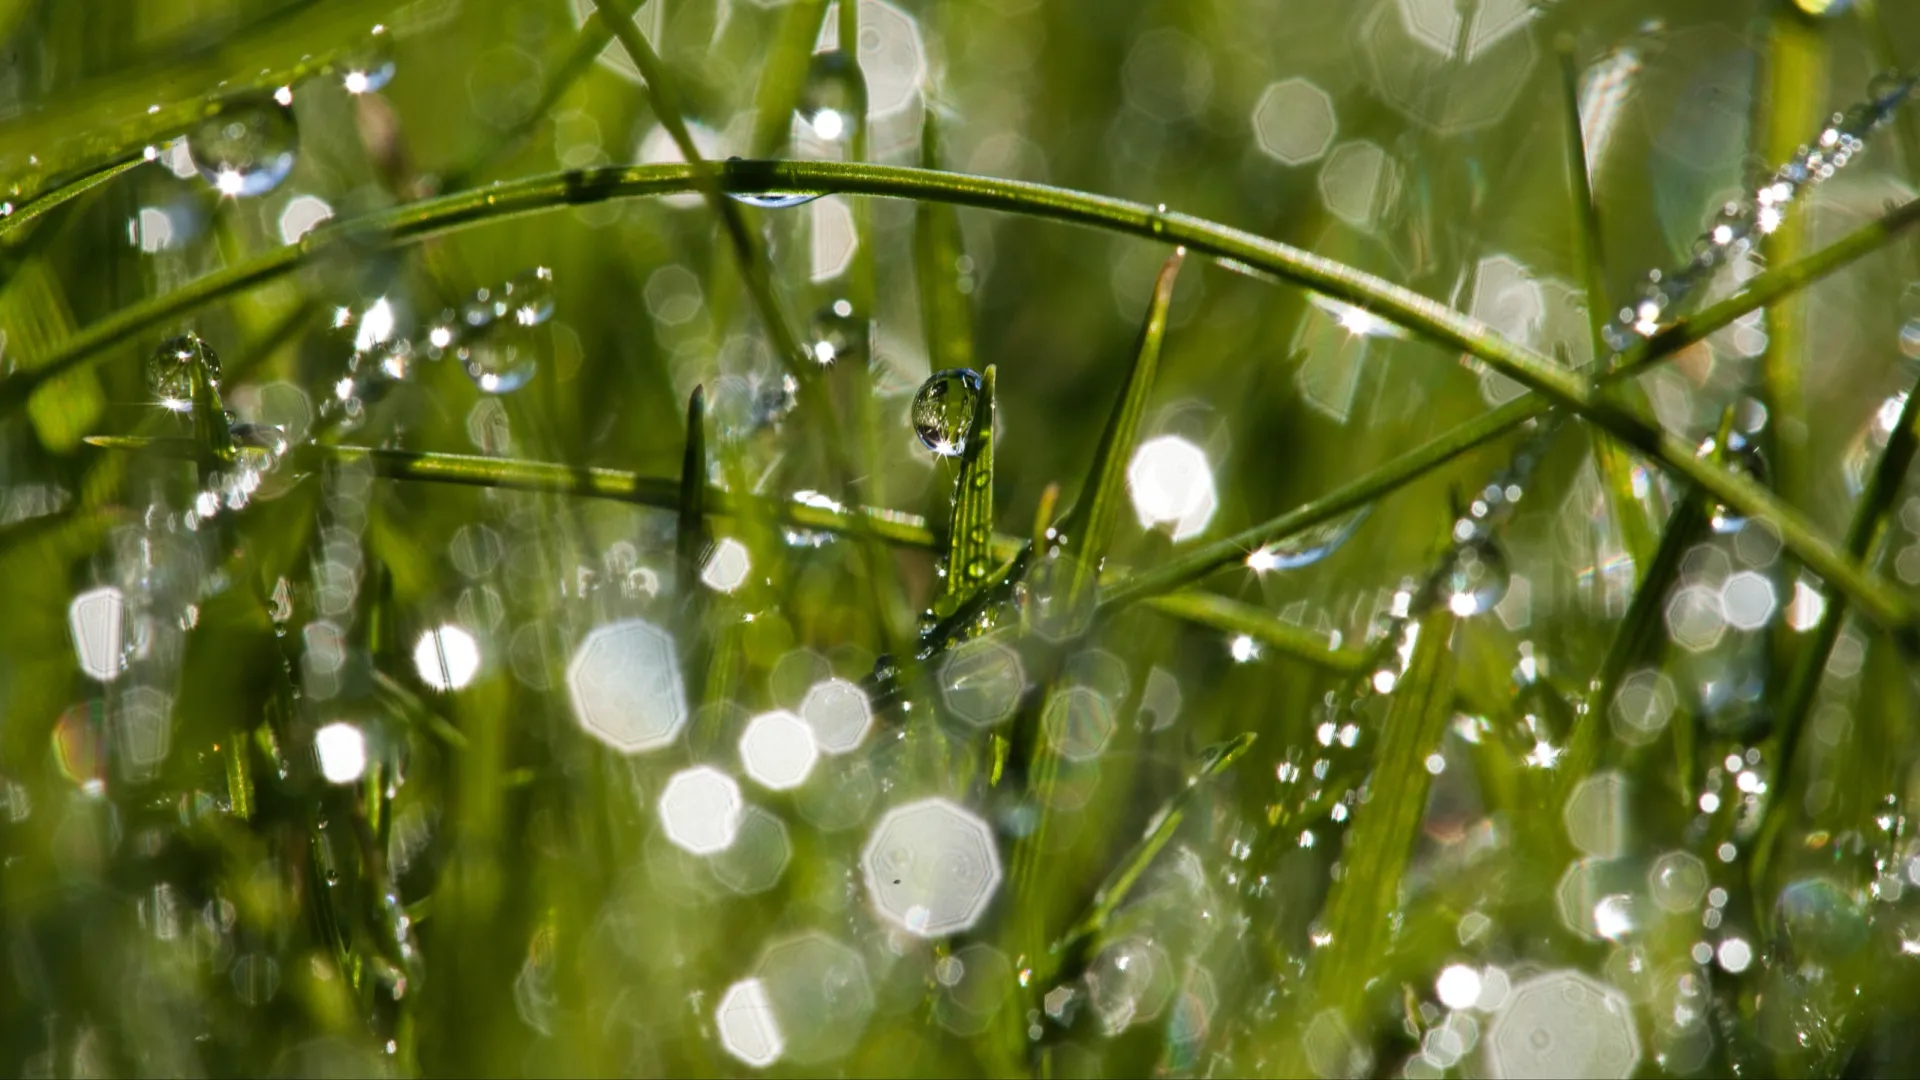 Обильная роса на Марфу Рассадницу предвещала потепление и хороший урожай огурцов. Фото: fossey suzanne/Shutterstock/Fotodom
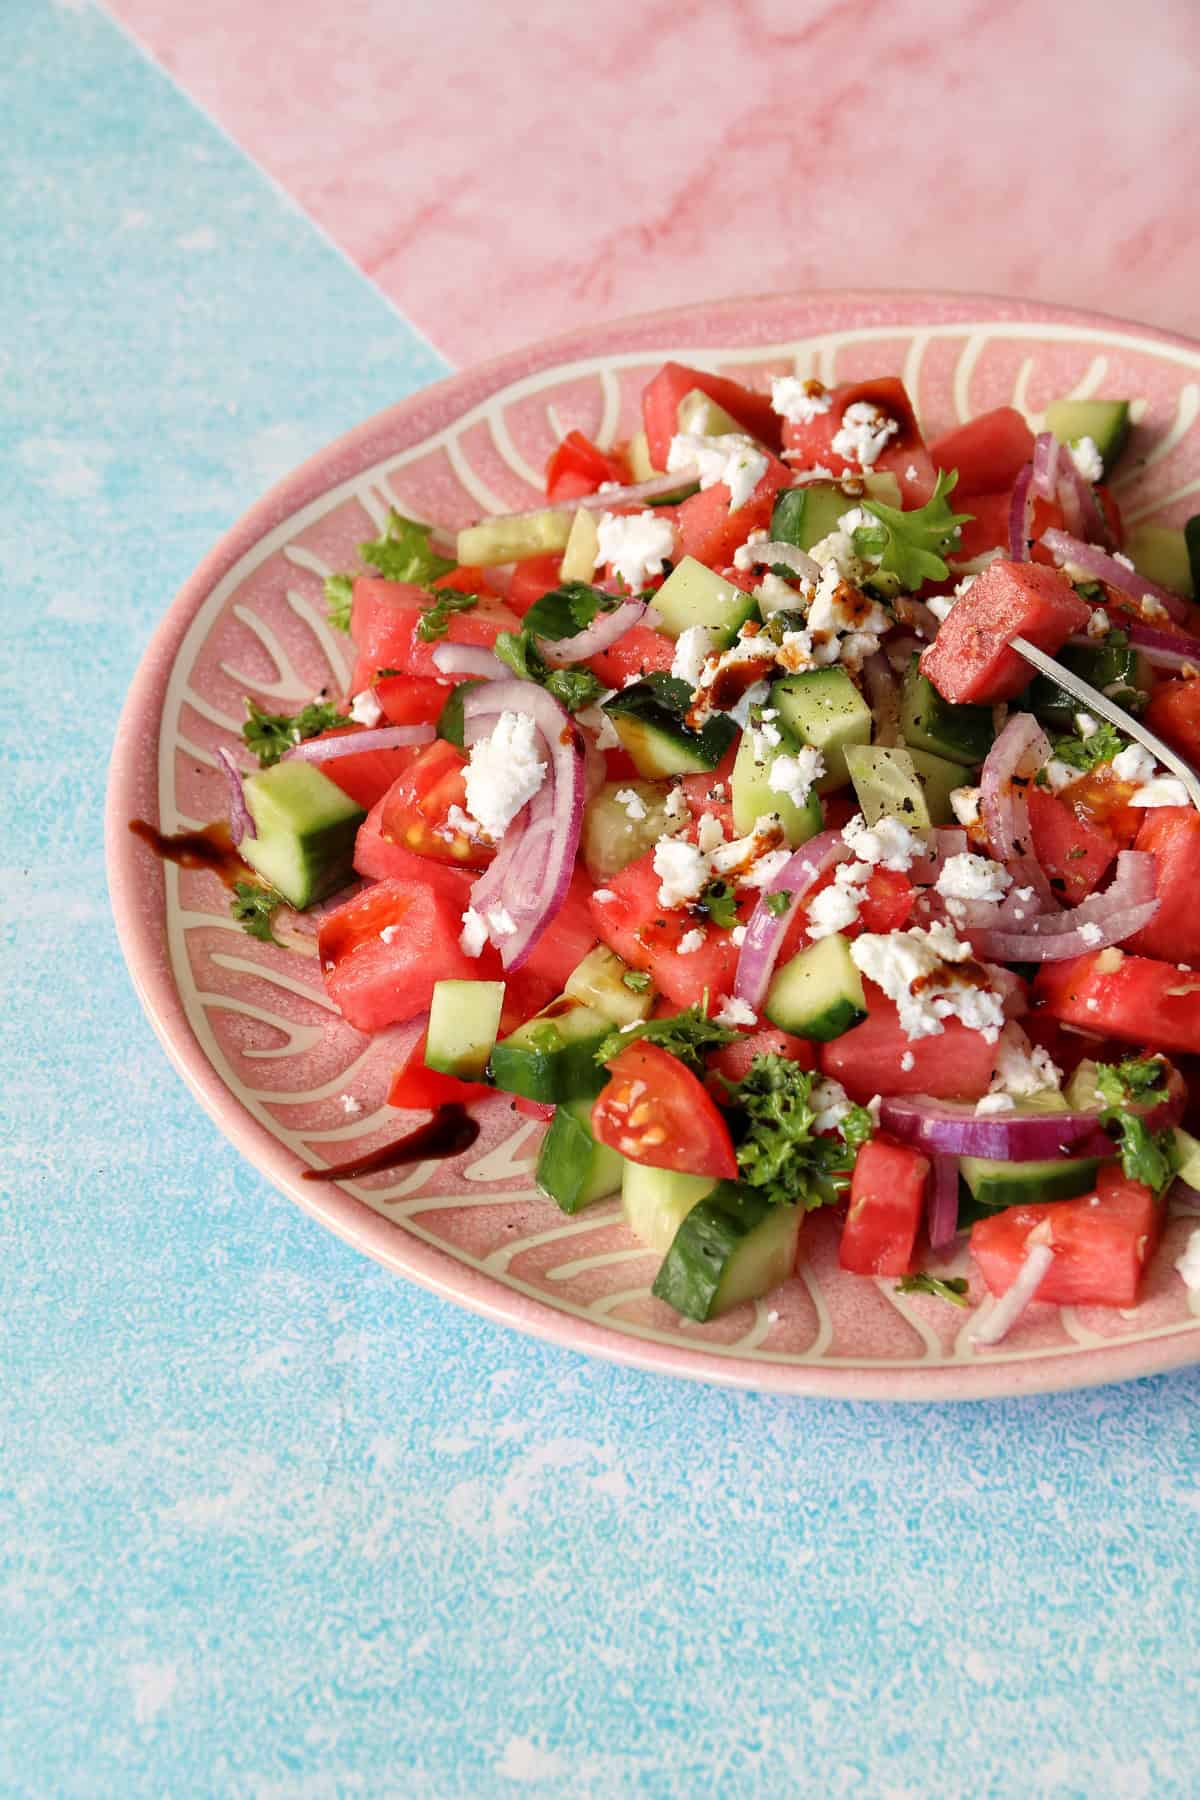 Detailaufnahme der Zutaten vom Salat, deutlich zu erkennen: rote Zwiebeln, Gurken, Tomaten, Wassermelone und Feta. Mit Balsamico beträufelt.
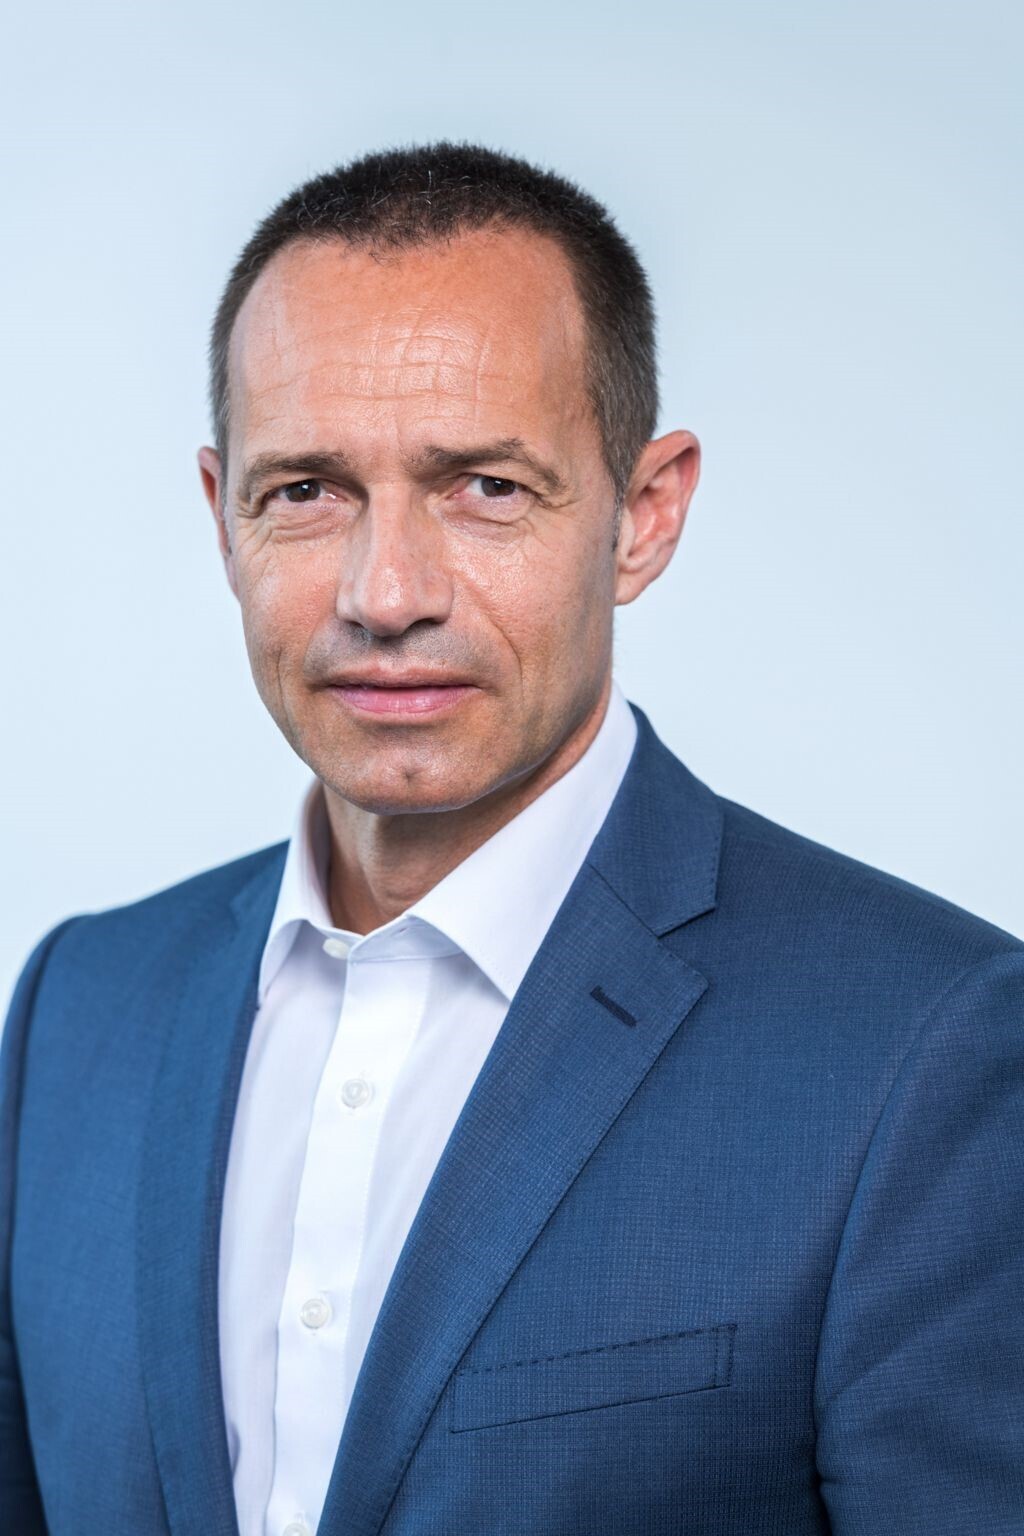 Jürgen Keller ist das neue Vorstandsmitglied bei Avag Holding SE

==*==

→ **What is expected**
Without changing a word, retype the data above and omit its pictures.

→ **Solution for this exercise**
 Обильная роса на Марфу Рассадницу предвещала потепление и хороший урожай огурцов. Фото: fossey suzanne/Shutterstock/Fotodom
 Detailaufnahme der Zutaten vom Salat, deutlich zu erkennen: rote Zwiebeln, Gurken, Tomaten, Wassermelone und Feta. Mit Balsamico beträufelt.
 Jürgen Keller ist das neue Vorstandsmitglied bei Avag Holding SE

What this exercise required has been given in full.